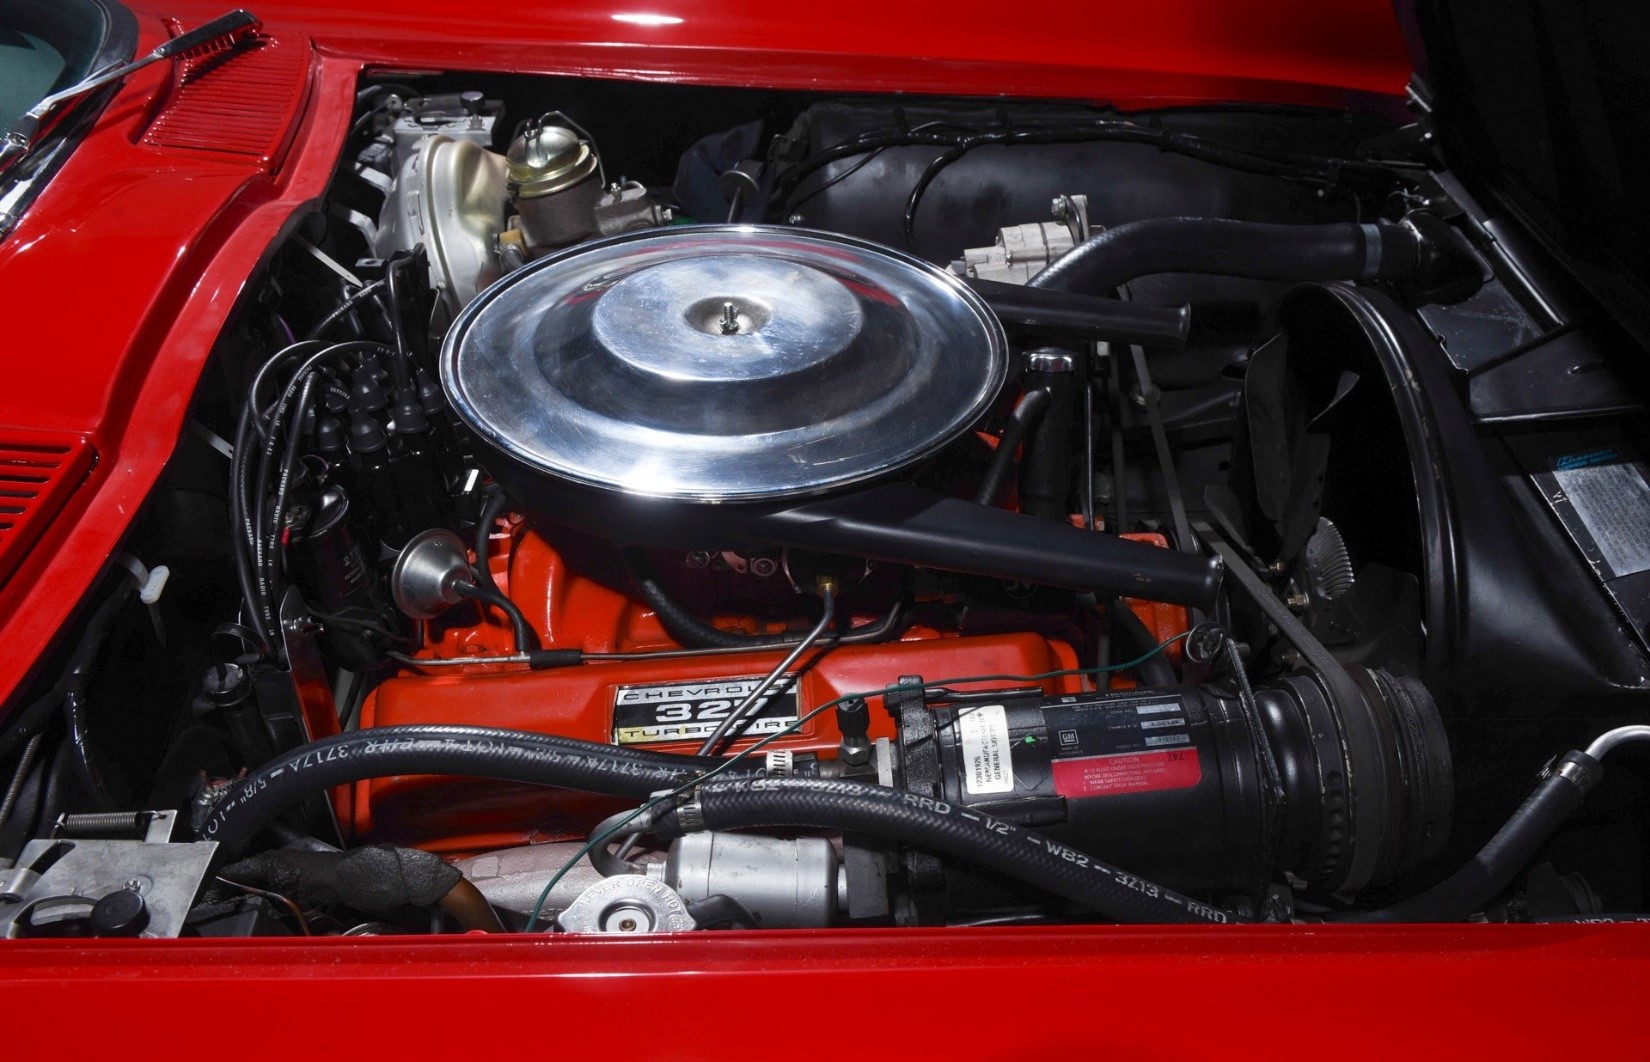 427Stingray.com to offer 1964 Chevrolet Corvette Coupe
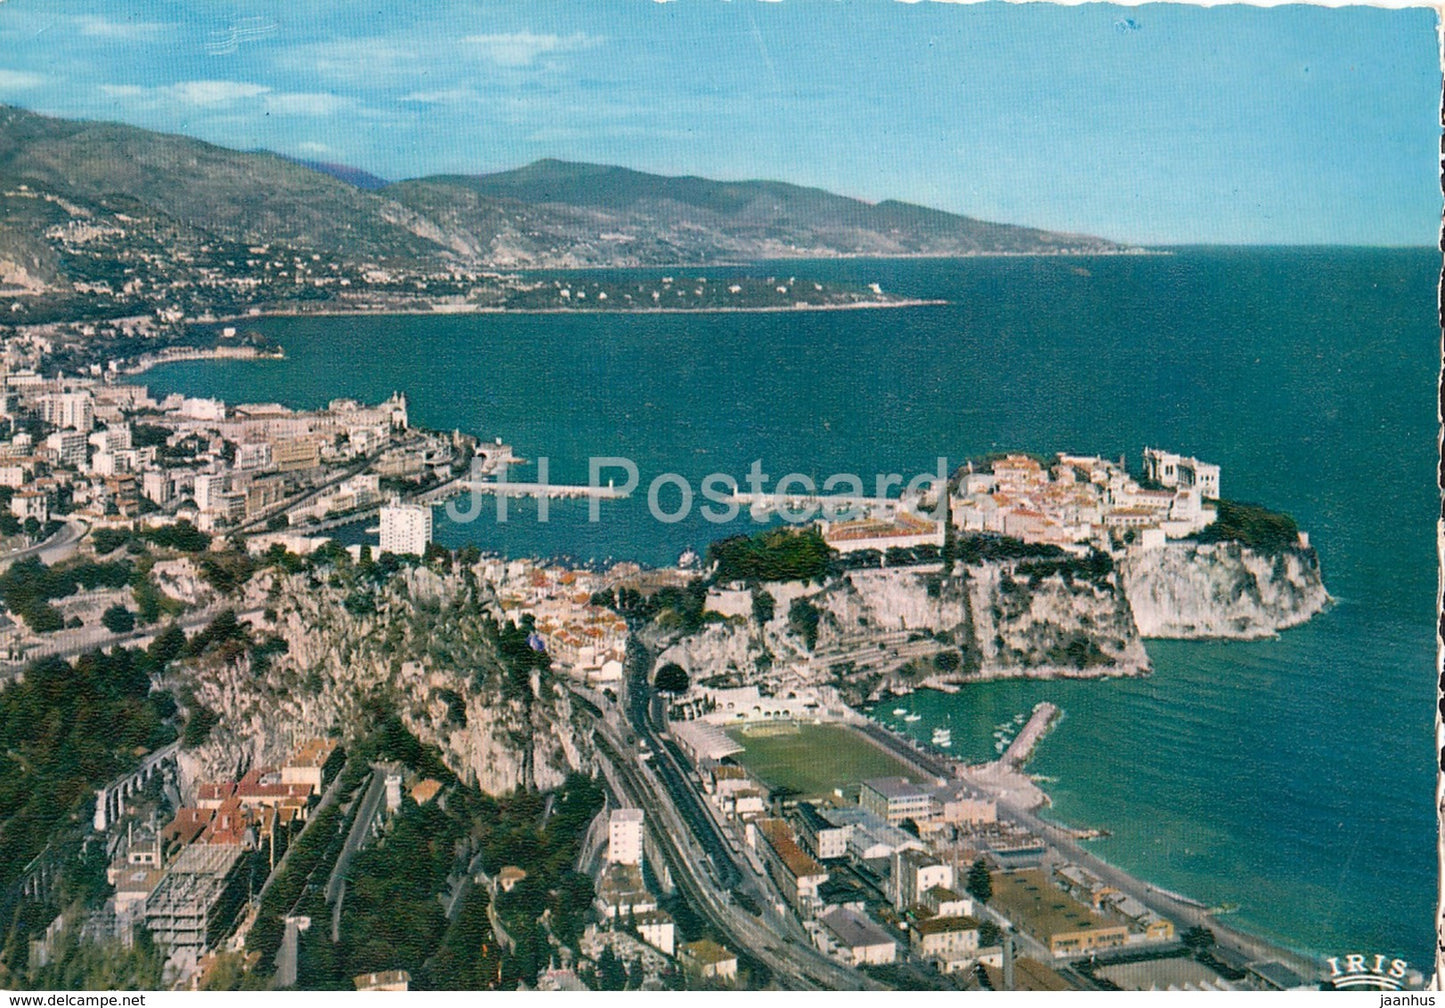 Monaco - Reflets De La Cote d'Azur - vue panoramique - Au loin le Cap Martin et l'Italie - Monaco - used - JH Postcards
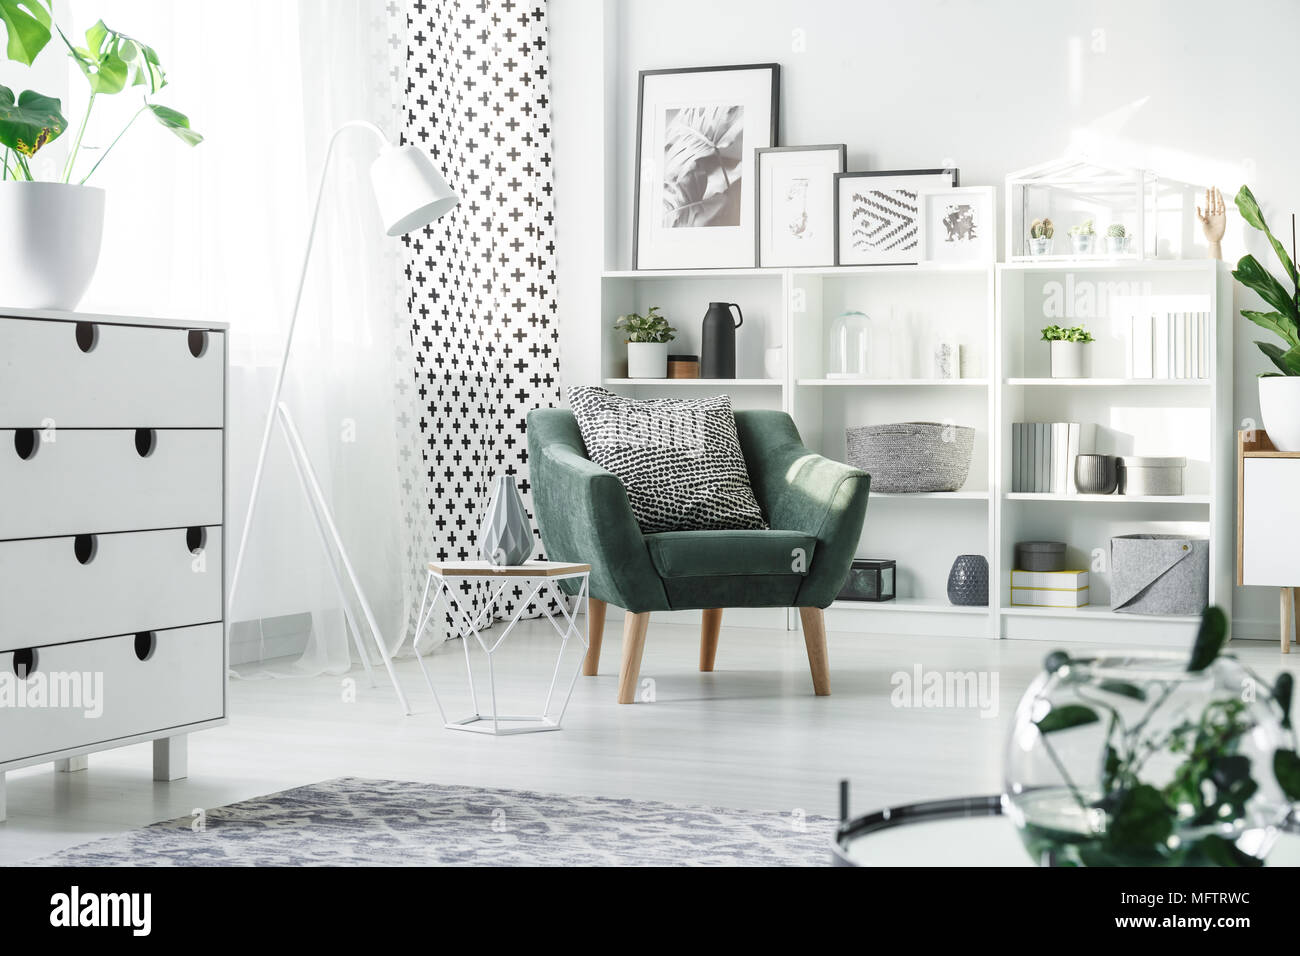 Le mobilier blanc et vert fauteuil avec coussin à motifs placés dans des studio intérieur avec fenêtre et affiches Banque D'Images
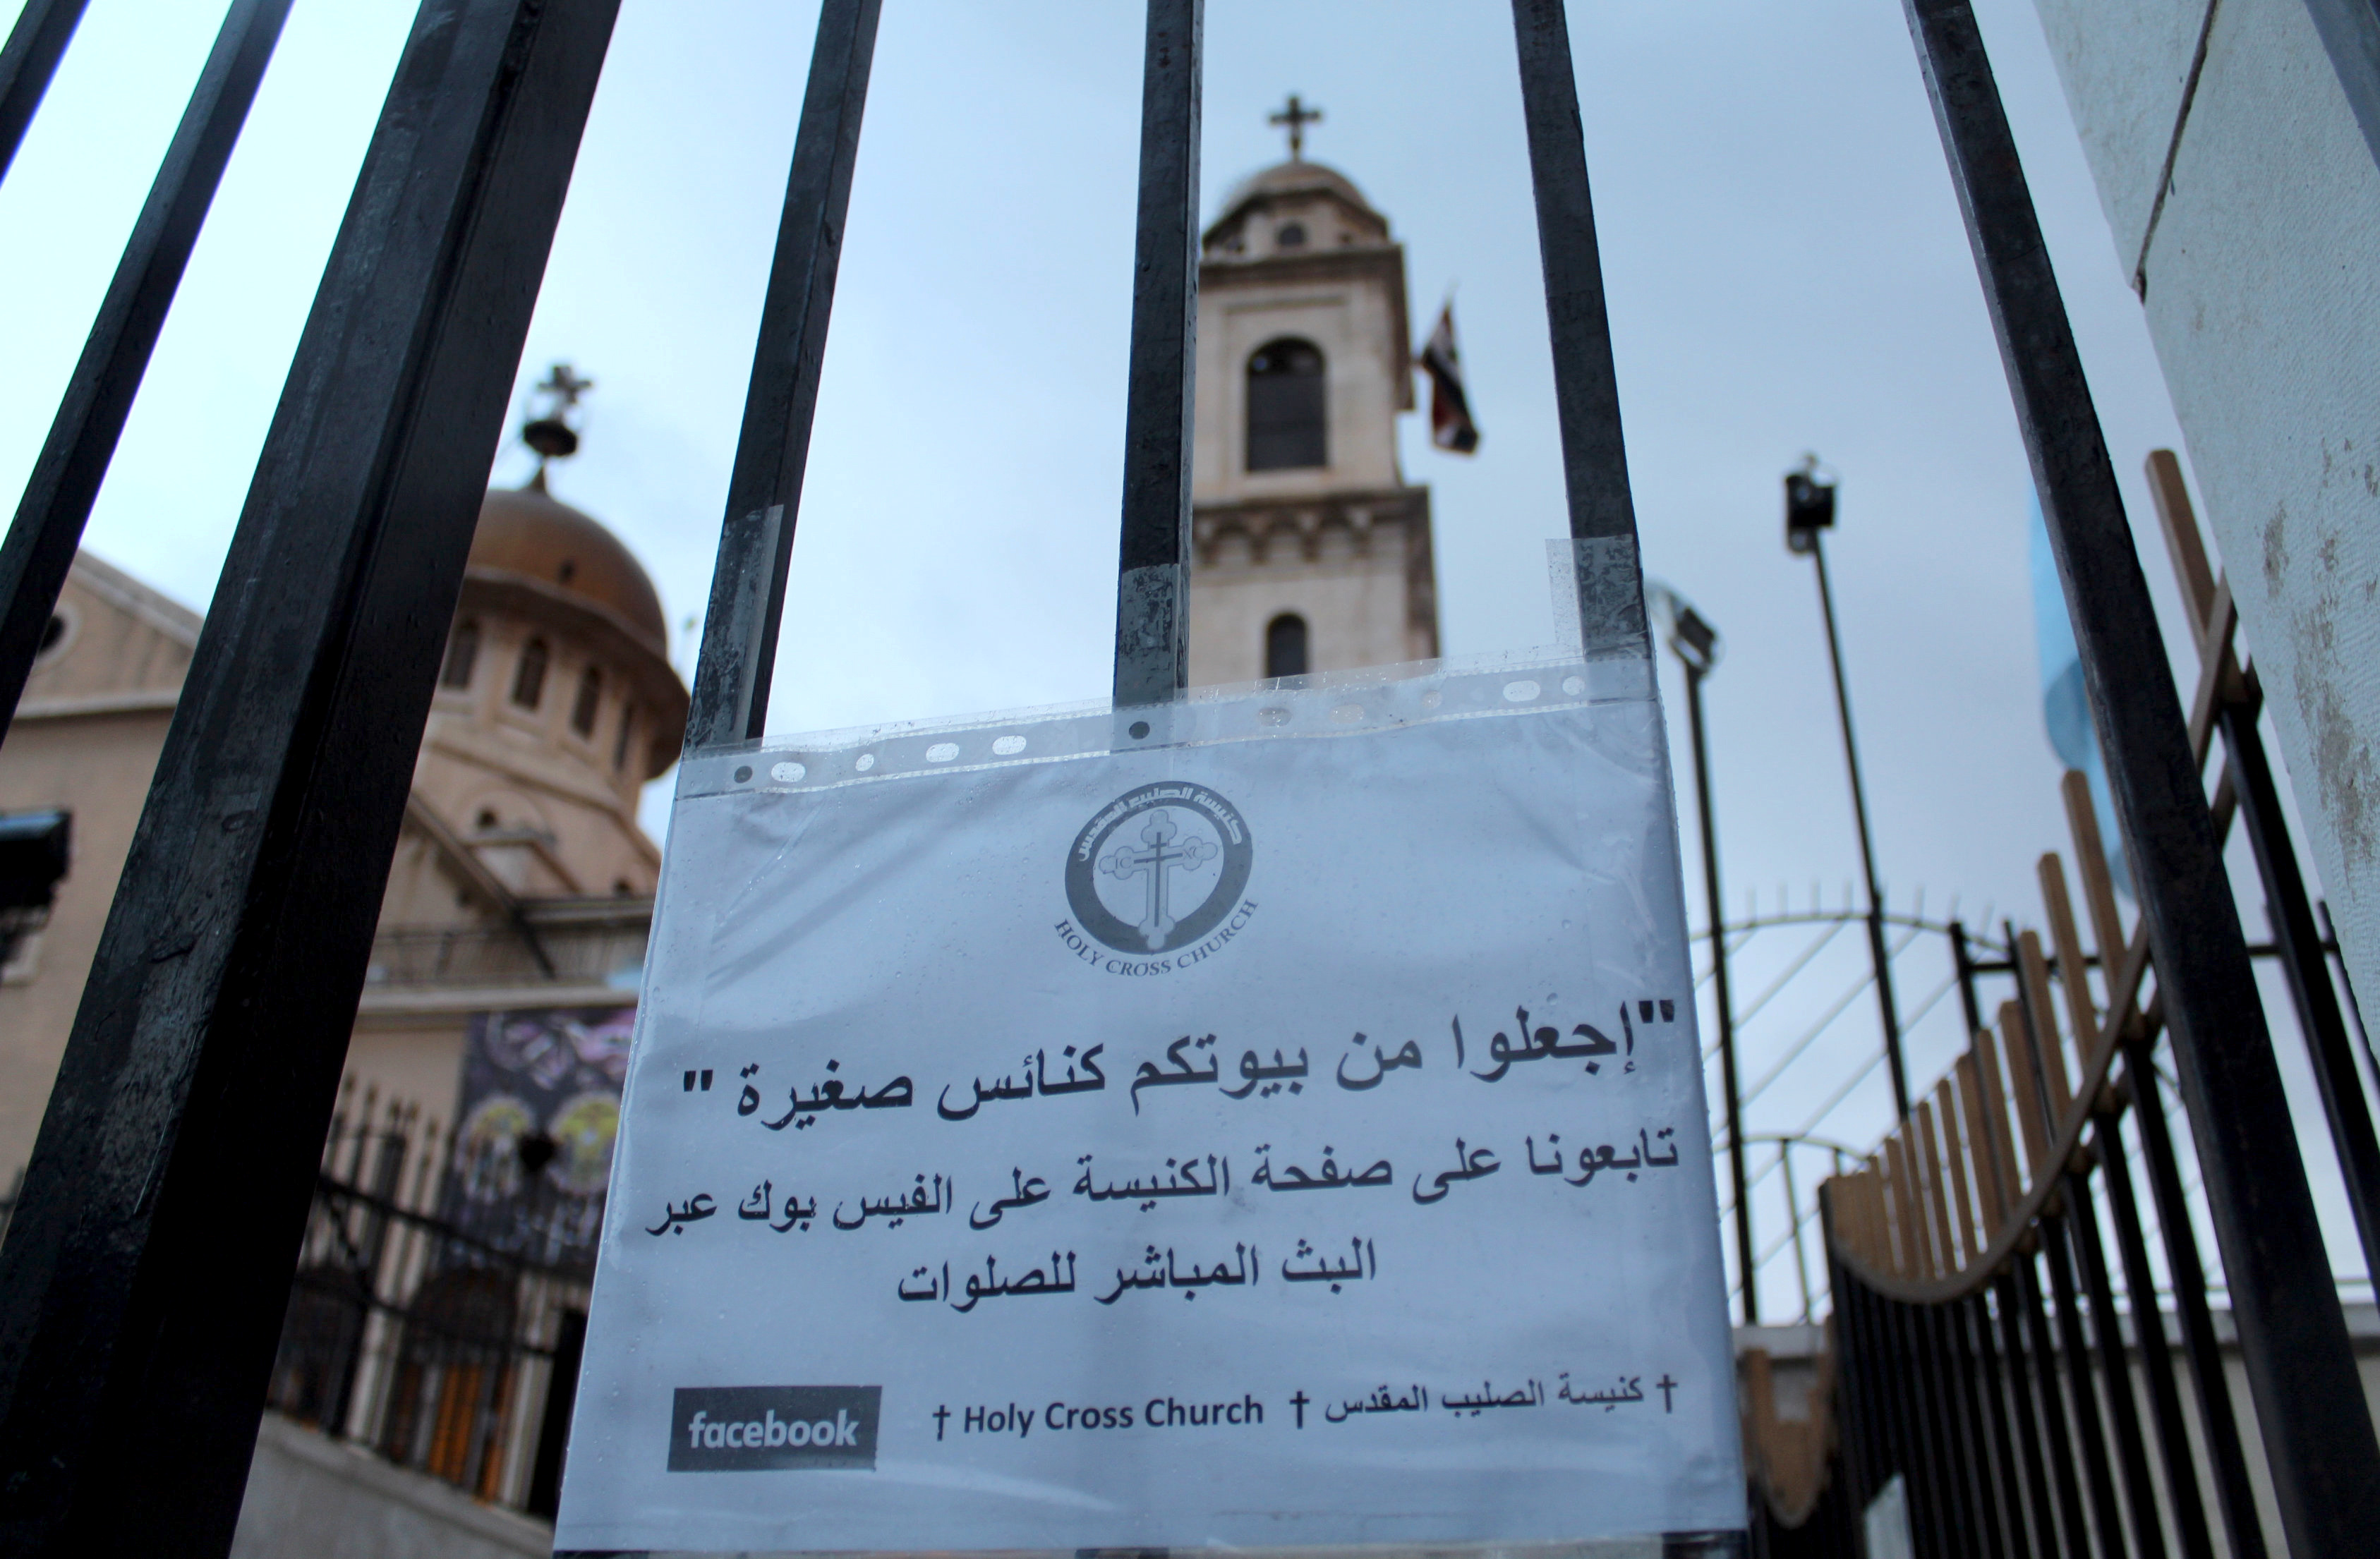 لافتة تطالب الناس بالصلاة فى المنزل على باب كنيسة فى دمشق

**What this task involves:** Set down the data above exactly as written. Omit the pictures.

**The completed task:**
 427Stingray.com to offer 1964 Chevrolet Corvette Coupe
 Monaco - Reflets De La Cote d'Azur - vue panoramique - Au loin le Cap Martin et l'Italie - Monaco - used - JH Postcards
 Le mobilier blanc et vert fauteuil avec coussin à motifs placés dans des studio intérieur avec fenêtre et affiches Banque D'Images
 لافتة تطالب الناس بالصلاة فى المنزل على باب كنيسة فى دمشق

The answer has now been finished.